Want to know how many people have signed up for private insurance under Obamacare? Like the law itself, the answer is exceedingly complicated. The administration is tracking the number of plans purchased on healthcare.gov and on the state exchanges. But the federal government isn’t counting the number of people buying plans directly from insurance carriers.
When insurance broker Joshua Weinstein wanted to sign someone up for health insurance this year, he asked one key question – would they qualify for a federal subsidy? If the client didn’t, he steered them away from healthcare.gov:
“If you can avoid that whole level of bureaucracy and get a good plan, not necessarily at a good price, but at the same price and they’re not subsidy eligible, we’re going off the marketplace,” Weinstein said.
One of those clients is Oliver Korshin, a doctor who lives in Anchorage. Weinstein and Korshin worked together to enroll Korshin’s wife Rachel in a new health plan. They didn’t qualify for a subsidy so they went directly to Premera Alaska, says Korshin.
“The actual enrolling wasn’t difficult at all,” Korshin said.
Weinstein, their broker, estimates about 15 percent of his clients are signing up for insurance outside the exchanges. He says enrolling directly is easier because insurers don’t have to deal with the financial information required on healthcare.gov.
“It’s basically gathering demographic information, name, address, phone number, social security number, which plan do you want, sign up for how you want to pay your bill, monthly via statement or auto-draft and sign and off you go,” Weinstein said.
Weinstein does counsel people who are close to qualifying for a subsidy, to sign up on healthcare.gov, in case their income fluctuates during the year.
Alaska’s two main insurers report 1/5th of their customers bought plans directly from them. But these customers aren’t being counted by the Obama administration.
“That’s the big mystery,” Larry Levitt, an insurance expert with the Kaiser Family Foundation, said.

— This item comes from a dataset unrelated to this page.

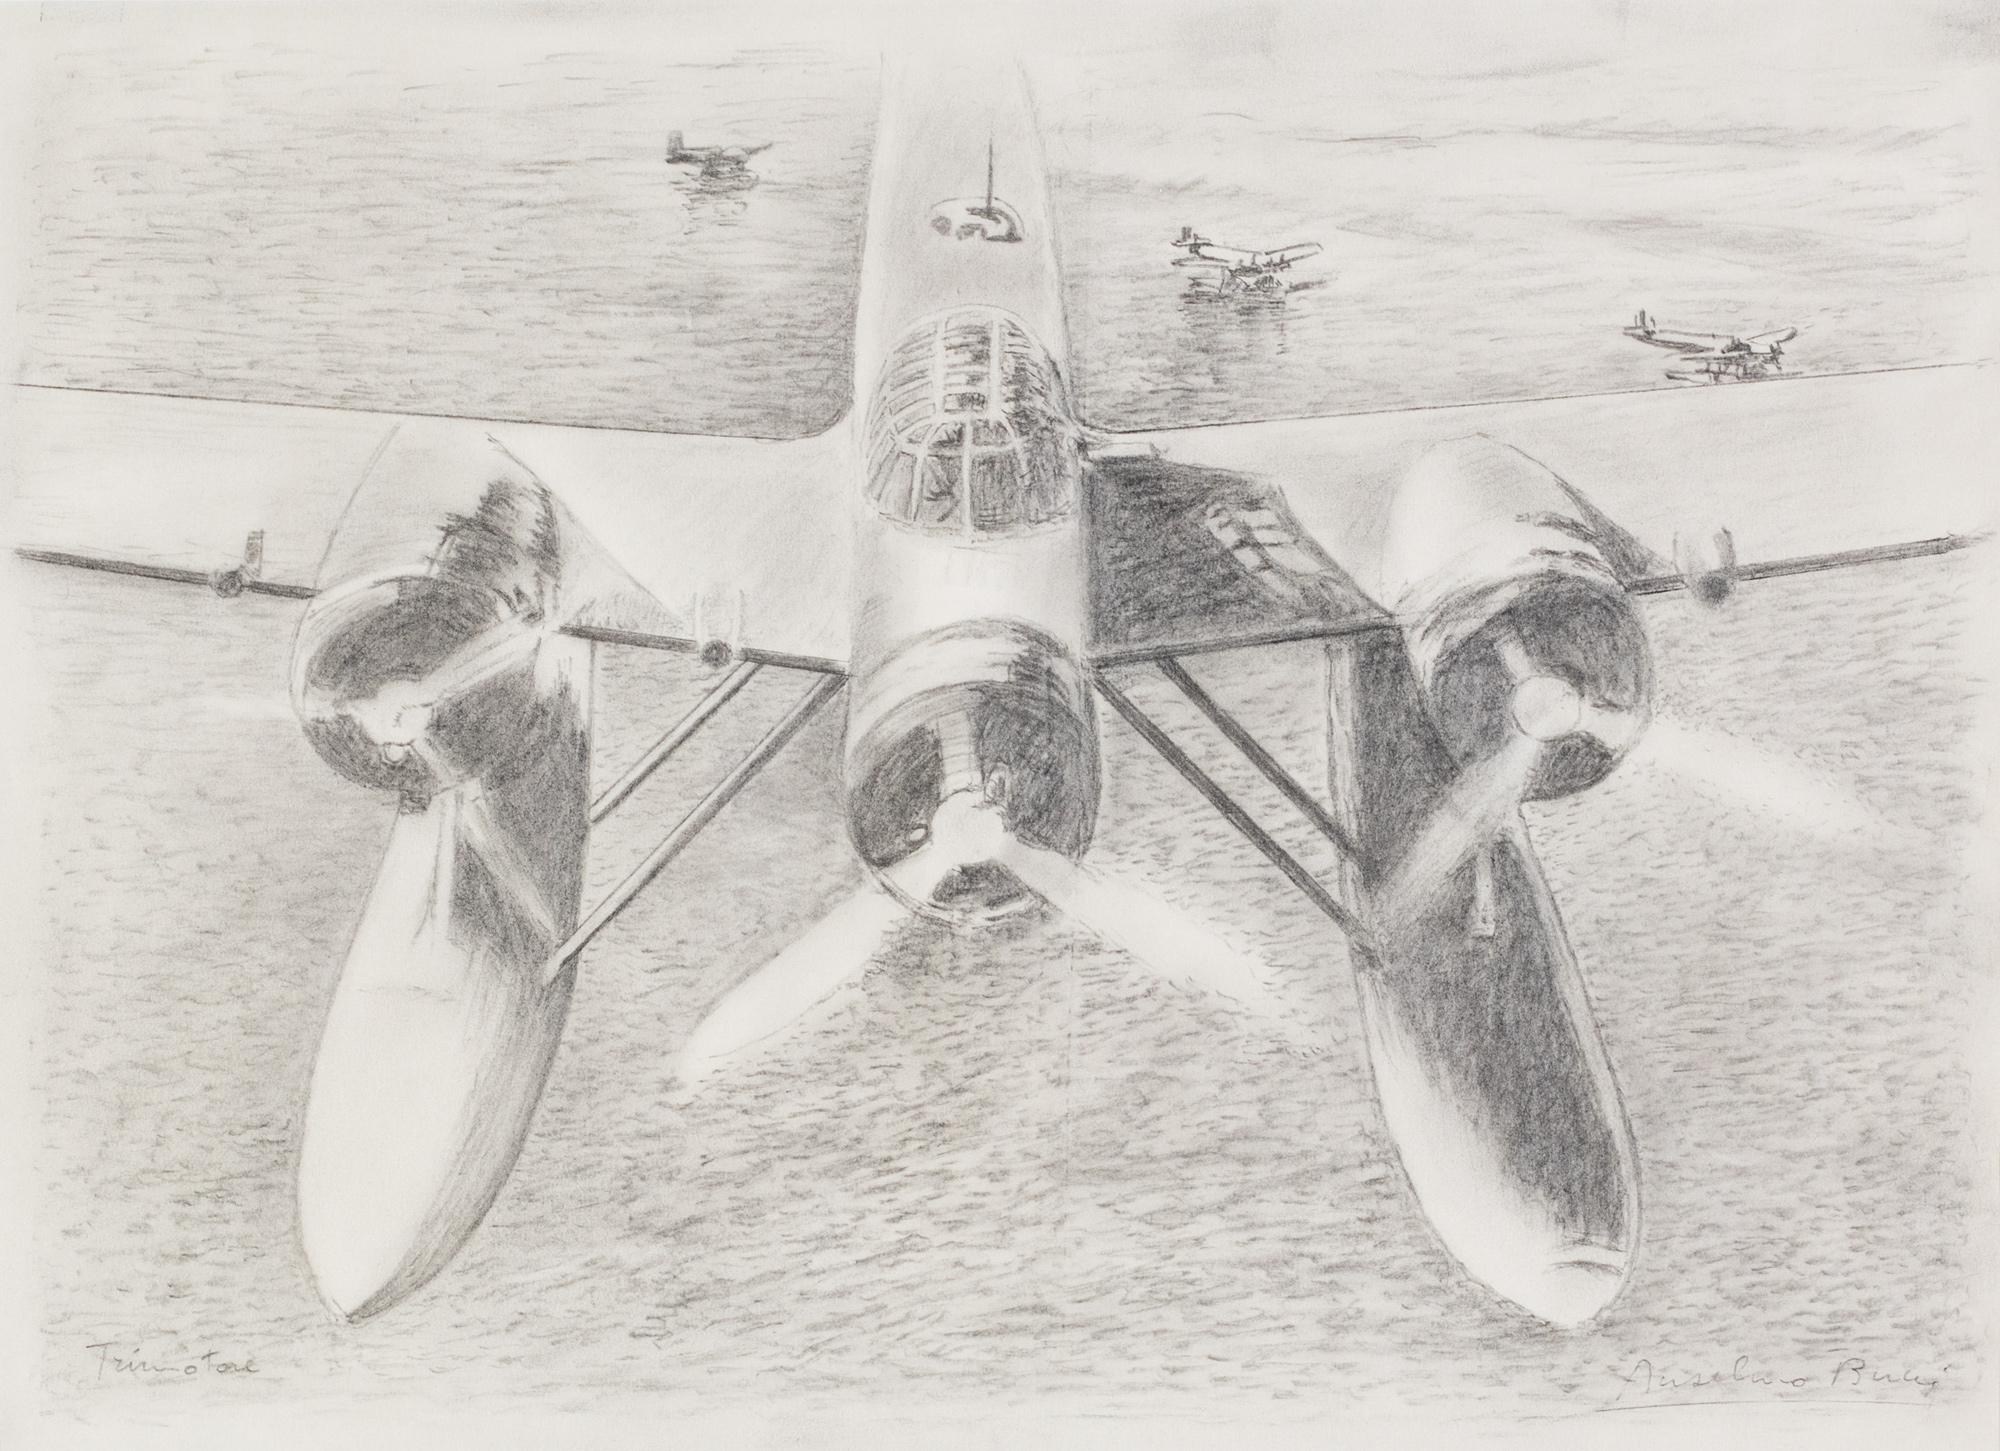 Trimotore, (1942)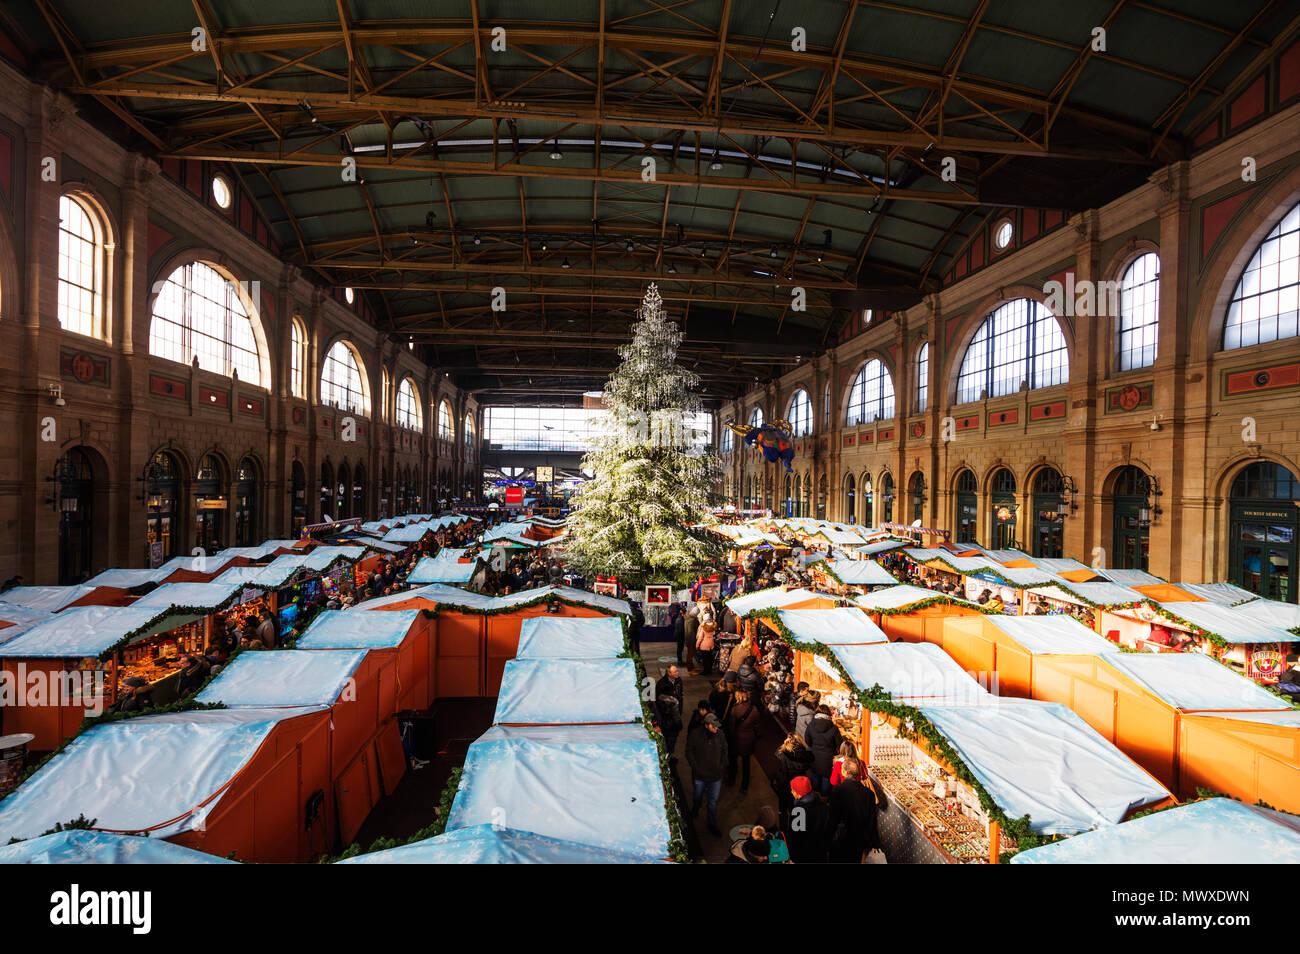 Weihnachtsmarkt Zürich.Weihnachtsmarkt Auf Der Bahnhof Zürich Zürich Schweiz Europa

Levitt says there’s a lot of focus on the 7.5 million people who signed up through the 14 state exchanges or healthcare.gov. But he says the off-exchange number is just as essential to gauge how well the law is working:
“Oh I think it’s quite important,” Levitt said. “I think it’s probably the case that there are more people insured in the individual market off the exchange than on the exchange right now.”
In fact, a new survey from the RAND Corporation estimates 7.8 million people nationwide bought health insurance this year directly from a carrier.